Tuesday, May 17, 2011

"Inagua" by Robert Klingel



There are few really good books written about the Bahamas. “The Out Island Doctor” and “Wind from the Carolinas” about completes the list. So imagine White Pepper's surprise to find a treasure in a gift shop on the Chesapeake--”Inagua” by Robert Klingel. Written in 1940 and largely forgotten, it was reissued by his daughter due to local demand in the Chesapeake where Mr. Klingel was well regarded mostly for his boat work and environmental efforts.

Robert Klingel was a young man and budding naturalist when he set out with his friend Wallie Coleman for the Caribbean to study lizards. They had commissioned a replica of Joshua Slocum’s Spray. Without any real seamanship they survived a horrible storm and were eventually ship wrecked on the island of Inagua. The year was 1930. Inagua is the southern most of the Bahamian archipelago. It was even more forlorn and God-forsaken than is it now which is saying something.

Rather than abandon everything he stayed a year on Inagua doing naturalist studies. Years later he returned with primitive diving apparatus to continue his studies on the reef.

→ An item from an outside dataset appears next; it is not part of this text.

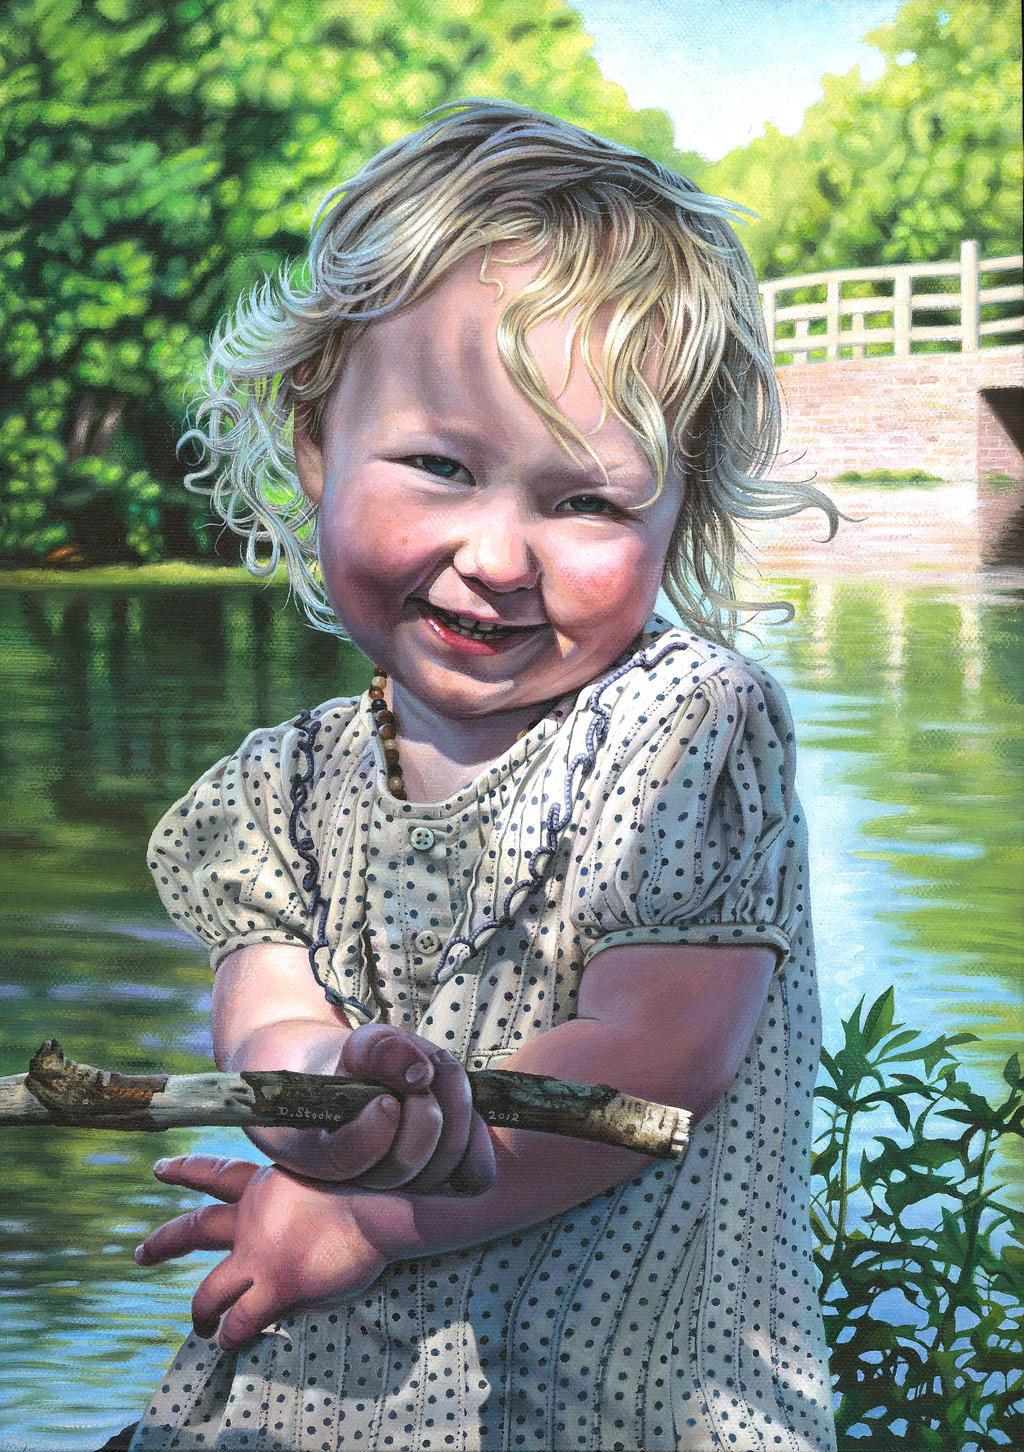 portrait_of_rowan_by_newagetraveller-d5u

In 1940 he wrote a comprehensive account of his adventures and studies. The result was a wonderfully entertaining book. The first few chapters review his preparations and voyage. Then there is a marvelous section about life on Inagua early in the depression. The bulk of the book is a series of essays about the geography, geology, flora and fauna of the island. There are several chapters about the magnificent flamingos that live and breed in the interior of the island. The last three chapters reprise his pioneering studies of the reef with an air helmet.

It is a beautiful book and available at Amazon. For Jan and I it enlarged our appreciation of the subtle beauty and delicate ecology of these desert island in the southwest Atlantic.

For the reader who has ventured this far let me add that the writing is reflective of biology as it was taught in the 1920's and 30's. Evolution was fang and claw. “A death for every life, ” in Klingel's words. This view of evolution, while strictly true, is no longer taught in school. The gory winner take all view of nature informed Nazi ideology and was using to justify killing Slavs and Jews as “natural.” Now teachers emphasize one set of DNA versus another. Same idea, just gentler consequences.